Simple resolver to handle non-uri relative paths.

resolve_remote(uri)[source]

Resolve a uri or relative path to a schema.

inspire_schemas.utils.build_pubnote(title, volume, page_start, page_end, artid)[source]

Build pubnote string from parts (reverse of split_pubnote).

inspire_schemas.utils.classify_field(value)[source]

Normalize value to an Inspire category.

Parameters:value (str) – an Inspire category to properly case, or an arXiv category to translate to the corresponding Inspire category.
Returns:
None if value is not a non-empty string,
otherwise the corresponding Inspire category.
Return type:str
inspire_schemas.utils.convert_new_publication_info_to_old(publication_infos)[source]

Convert back a publication_info value from the new format to the old.

Does the inverse transformation of convert_old_publication_info_to_new(), to be used whenever we are sending back records from Labs to Legacy.

Parameters:publication_infos – a publication_info in the new format.
Returns:a publication_info in the old format.
Return type:list(dict)
inspire_schemas.utils.convert_old_publication_info_to_new(publication_infos)[source]

Convert a publication_info value from the old format to the new.

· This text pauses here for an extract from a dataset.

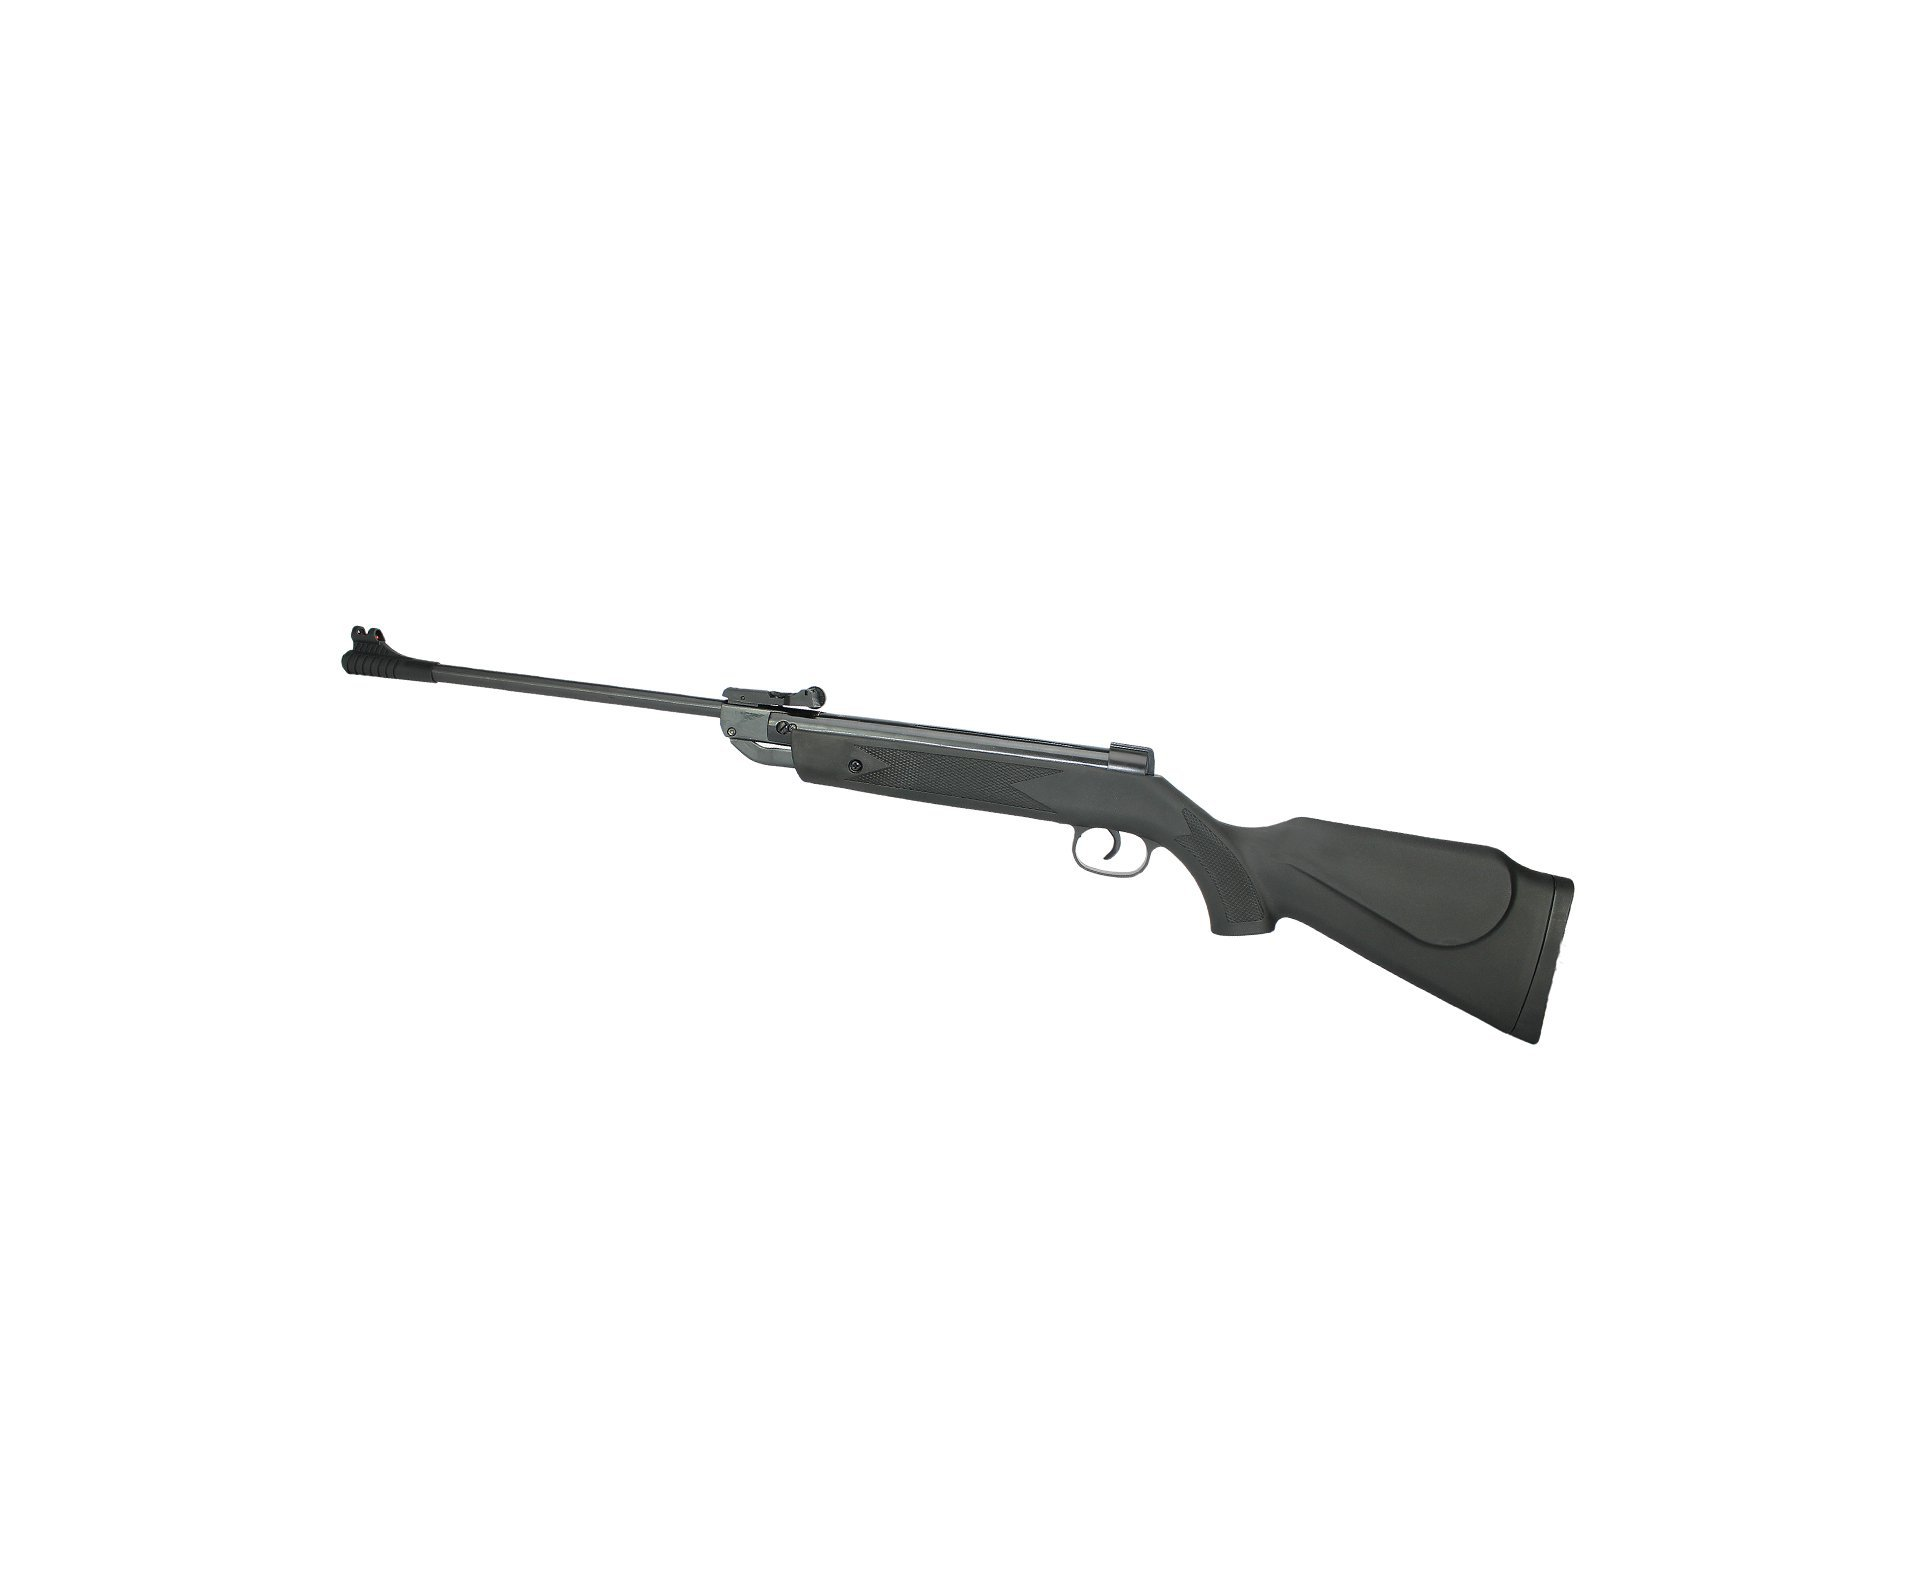 Carabina De Pressão Shadow Black Cal 5.5mm - Fixxar

On Legacy different series of the same journal were modeled by adding the letter part of the name to the journal volume. For example, a paper published in Physical Review D contained:

{
    'publication_info': [
        {
            'journal_title': 'Phys.Rev.',
            'journal_volume': 'D43',
        },
    ],
}

On Labs we instead represent each series with a different journal record. As a consequence, the above example becomes:

{
    'publication_info': [
        {
            'journal_title': 'Phys.Rev.D',
            'journal_volume': '43',
        },
    ],
}

This function handles this translation from the old format to the new. Please also see the tests for various edge cases that this function also handles.

Parameters:publication_infos – a publication_info in the old format.
Returns:a publication_info in the new format.
Return type:list(dict)
inspire_schemas.utils.get_license_from_url(url)[source]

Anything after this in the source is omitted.